- **Stored items**:

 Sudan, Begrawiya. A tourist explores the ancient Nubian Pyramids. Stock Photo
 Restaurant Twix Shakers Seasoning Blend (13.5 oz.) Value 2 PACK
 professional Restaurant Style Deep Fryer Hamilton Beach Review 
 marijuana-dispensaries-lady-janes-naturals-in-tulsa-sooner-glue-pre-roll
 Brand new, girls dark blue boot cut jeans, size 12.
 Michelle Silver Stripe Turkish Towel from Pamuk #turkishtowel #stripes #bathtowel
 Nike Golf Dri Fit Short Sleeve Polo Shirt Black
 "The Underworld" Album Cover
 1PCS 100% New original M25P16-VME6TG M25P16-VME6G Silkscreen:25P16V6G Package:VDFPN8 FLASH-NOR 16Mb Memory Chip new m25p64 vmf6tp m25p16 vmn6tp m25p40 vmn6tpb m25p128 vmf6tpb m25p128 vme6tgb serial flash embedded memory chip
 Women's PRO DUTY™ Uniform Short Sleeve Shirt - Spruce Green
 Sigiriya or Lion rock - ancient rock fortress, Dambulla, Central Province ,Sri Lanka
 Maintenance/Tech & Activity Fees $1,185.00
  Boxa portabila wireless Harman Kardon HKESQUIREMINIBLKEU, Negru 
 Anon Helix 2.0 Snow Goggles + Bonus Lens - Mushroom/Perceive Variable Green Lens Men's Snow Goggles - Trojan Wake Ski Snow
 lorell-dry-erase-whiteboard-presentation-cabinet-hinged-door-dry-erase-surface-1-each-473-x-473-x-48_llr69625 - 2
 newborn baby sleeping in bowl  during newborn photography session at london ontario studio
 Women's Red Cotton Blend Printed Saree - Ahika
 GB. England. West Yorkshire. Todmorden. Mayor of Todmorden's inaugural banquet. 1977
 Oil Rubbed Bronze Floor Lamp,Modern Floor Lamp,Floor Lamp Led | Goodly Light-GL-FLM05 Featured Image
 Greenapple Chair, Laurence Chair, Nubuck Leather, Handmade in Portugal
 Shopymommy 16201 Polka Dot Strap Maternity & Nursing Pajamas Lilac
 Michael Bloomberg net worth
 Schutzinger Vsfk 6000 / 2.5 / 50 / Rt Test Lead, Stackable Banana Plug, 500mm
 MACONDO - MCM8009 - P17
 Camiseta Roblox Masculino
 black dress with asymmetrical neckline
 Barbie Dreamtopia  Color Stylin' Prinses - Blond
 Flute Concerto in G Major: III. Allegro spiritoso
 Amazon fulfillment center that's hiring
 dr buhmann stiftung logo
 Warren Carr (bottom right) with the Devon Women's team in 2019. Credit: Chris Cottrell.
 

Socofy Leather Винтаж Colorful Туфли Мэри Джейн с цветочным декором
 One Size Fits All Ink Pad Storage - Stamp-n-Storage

- **Exercise goal**: Retype all of the data word for word.

- **Response area**:
 Sudan, Begrawiya. A tourist explores the ancient Nubian Pyramids. Stock Photo
 Restaurant Twix Shakers Seasoning Blend (13.5 oz.) Value 2 PACK
 professional Restaurant Style Deep Fryer Hamilton Beach Review 
 marijuana-dispensaries-lady-janes-naturals-in-tulsa-sooner-glue-pre-roll
 Brand new, girls dark blue boot cut jeans, size 12.
 Michelle Silver Stripe Turkish Towel from Pamuk #turkishtowel #stripes #bathtowel
 Nike Golf Dri Fit Short Sleeve Polo Shirt Black
 "The Underworld" Album Cover
 1PCS 100% New original M25P16-VME6TG M25P16-VME6G Silkscreen:25P16V6G Package:VDFPN8 FLASH-NOR 16Mb Memory Chip new m25p64 vmf6tp m25p16 vmn6tp m25p40 vmn6tpb m25p128 vmf6tpb m25p128 vme6tgb serial flash embedded memory chip
 Women's PRO DUTY™ Uniform Short Sleeve Shirt - Spruce Green
 Sigiriya or Lion rock - ancient rock fortress, Dambulla, Central Province ,Sri Lanka
 Maintenance/Tech & Activity Fees $1,185.00
  Boxa portabila wireless Harman Kardon HKESQUIREMINIBLKEU, Negru 
 Anon Helix 2.0 Snow Goggles + Bonus Lens - Mushroom/Perceive Variable Green Lens Men's Snow Goggles - Trojan Wake Ski Snow
 lorell-dry-erase-whiteboard-presentation-cabinet-hinged-door-dry-erase-surface-1-each-473-x-473-x-48_llr69625 - 2
 newborn baby sleeping in bowl  during newborn photography session at london ontario studio
 Women's Red Cotton Blend Printed Saree - Ahika
 GB. England. West Yorkshire. Todmorden. Mayor of Todmorden's inaugural banquet. 1977
 Oil Rubbed Bronze Floor Lamp,Modern Floor Lamp,Floor Lamp Led | Goodly Light-GL-FLM05 Featured Image
 Greenapple Chair, Laurence Chair, Nubuck Leather, Handmade in Portugal
 Shopymommy 16201 Polka Dot Strap Maternity & Nursing Pajamas Lilac
 Michael Bloomberg net worth
 Schutzinger Vsfk 6000 / 2.5 / 50 / Rt Test Lead, Stackable Banana Plug, 500mm
 MACONDO - MCM8009 - P17
 Camiseta Roblox Masculino
 black dress with asymmetrical neckline
 Barbie Dreamtopia  Color Stylin' Prinses - Blond
 Flute Concerto in G Major: III. Allegro spiritoso
 Amazon fulfillment center that's hiring
 dr buhmann stiftung logo
 Warren Carr (bottom right) with the Devon Women's team in 2019. Credit: Chris Cottrell.
 

Socofy Leather Винтаж Colorful Туфли Мэри Джейн с цветочным декором
 One Size Fits All Ink Pad Storage - Stamp-n-Storage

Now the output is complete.